Skeletons discovered in a centuries-old mass grave in Durham, England, are the remains of Scottish soldiers taken prisoner after the 1650 A. D. Battle of Dunbar, new research has revealed.
In November 2013, during construction of a new cafe, human remains were uncovered by Durham University archaeologists.
The jumbled skeletons of at least 17 and up to 28 individuals were subsequently excavated from two burial pits (a 29th individual was not exhumed).
Since then the researchers have been carrying out a wide range of tests to try and establish their identities.
"Taking into account the range of detailed scientific evidence we have now, alongside historical evidence from the time, the identification of the bodies as the Scottish soldiers from the Battle of Dunbar is the only plausible explanation," said Andrew Millard, senior lecturer at Durham University said in a statement released by the university on Wednesday.
In less than an hour the English Parliamentarian army, under the command of Oliver Cromwell, defeated the Scottish Covenanting army who supported the claims of Charles II to the Scottish throne.
The battle left anywhere between 300 and 5,000 dead. Modern calculations suggest that an estimated 6,000 Scottish soldiers were taken prisoner, about 1,000 of whom - the very sick and wounded - were freed.
Of the remaining prisoners, around 3,000 soldiers were imprisoned in Durham Cathedral and Castle, at a time when the Cathedral was empty and abandoned.
An estimated 1,700 prisoners from the battle died and were buried in Durham.
Radiocarbon dating analysis has concluded that the date of death was between 1625 and 1660.
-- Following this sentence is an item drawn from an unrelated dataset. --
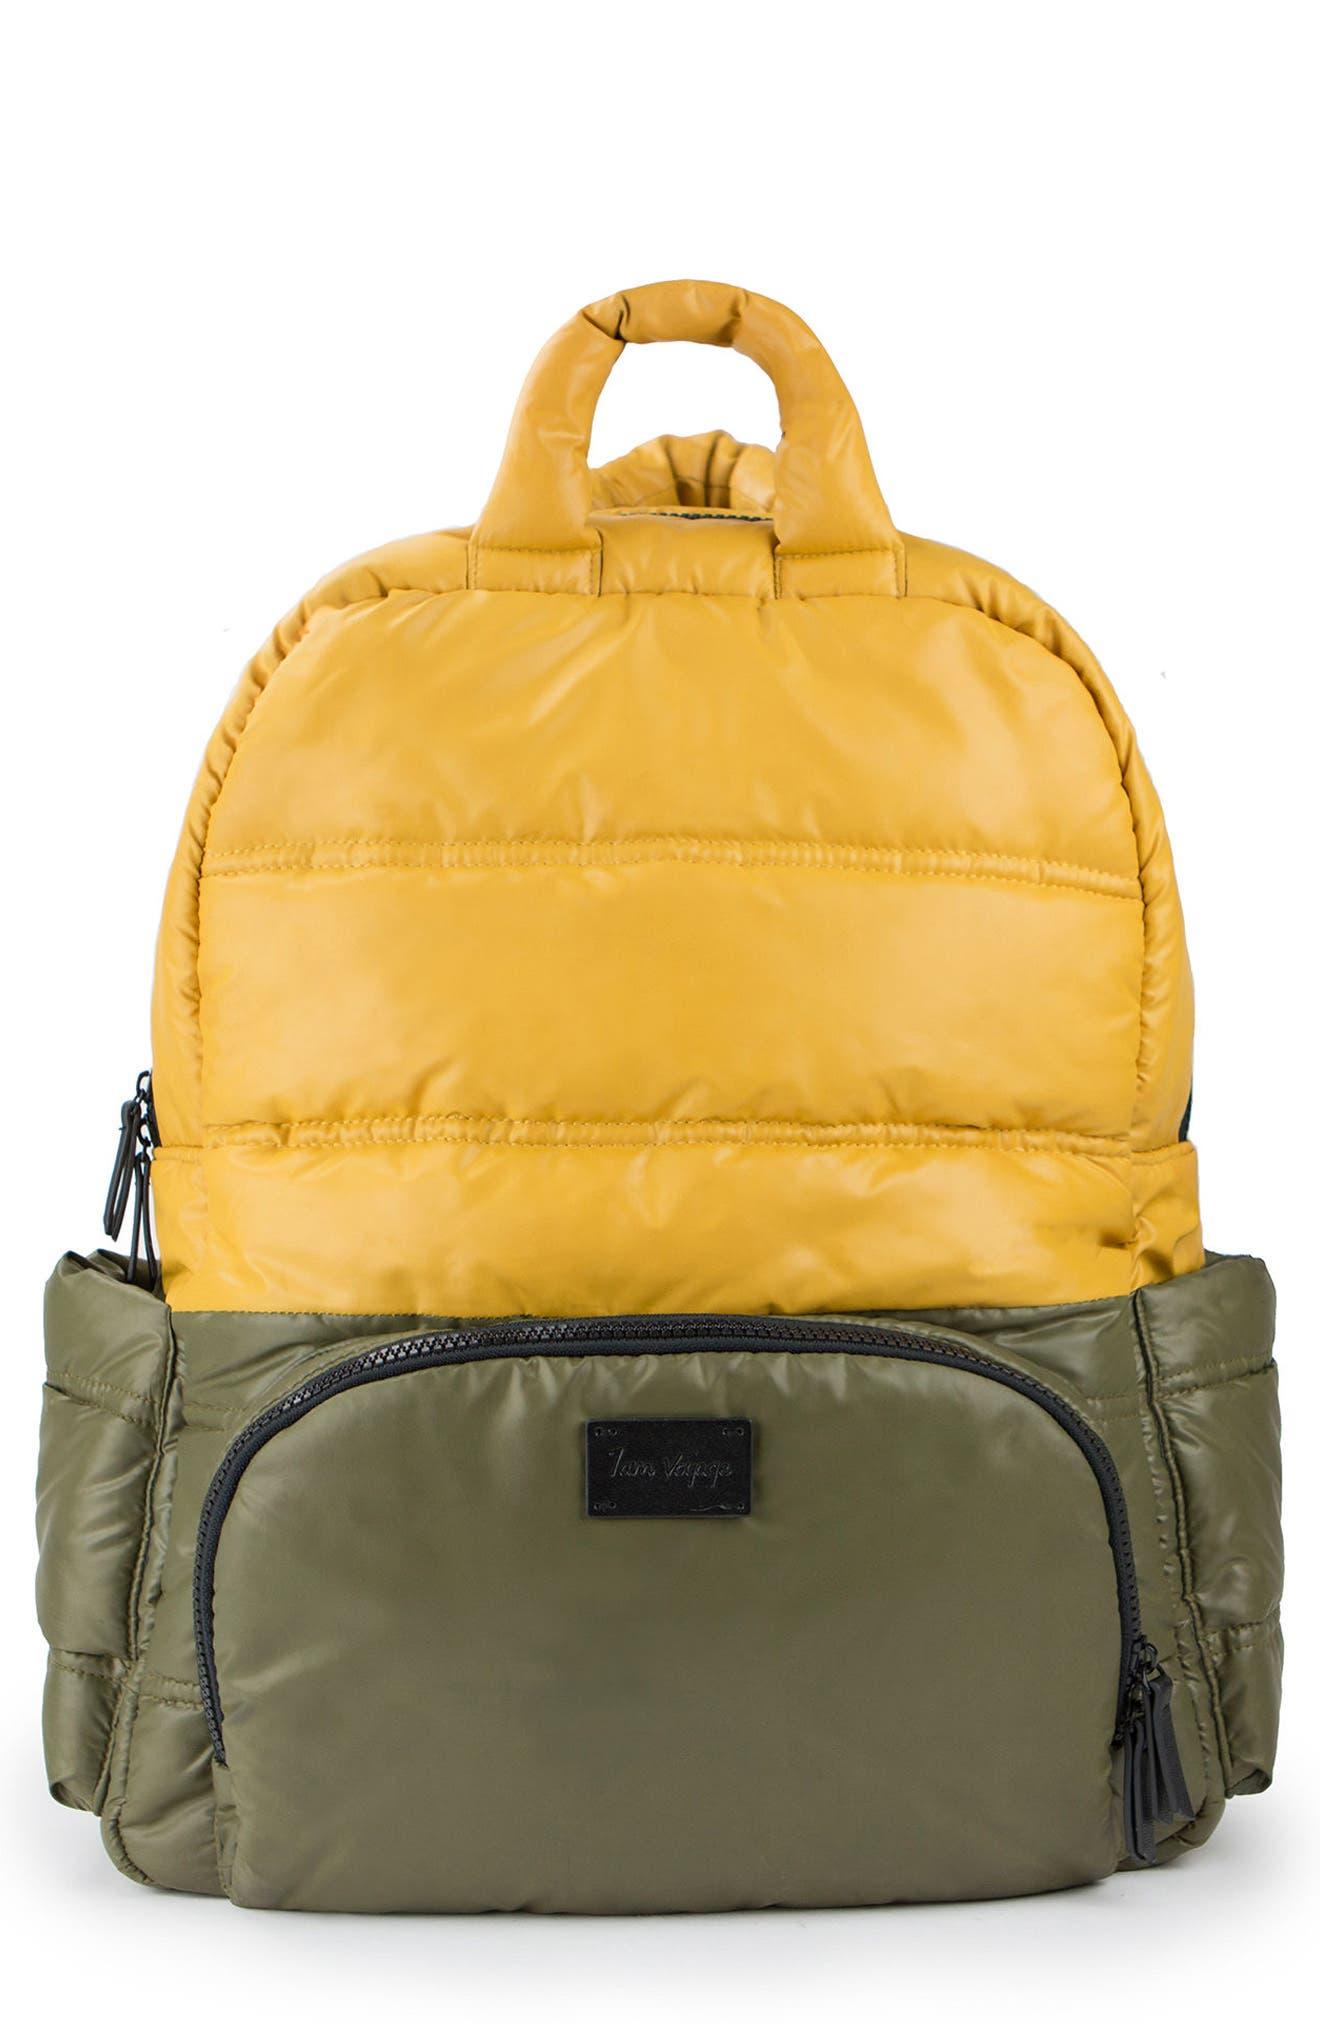 7 A.M. Enfant BK718 Water Repellent Diaper Backpack

When these dates are combined with the nature of the graves, the results of earlier scientific and observational tests that established the adult skeletons were all male, the fact that the skeletons were predominantly aged between 13-25 years and as isotope analysis showed the skeletons were of likely Scottish origin, all this points to their identification as the prisoners from the Dunbar battle, the study noted.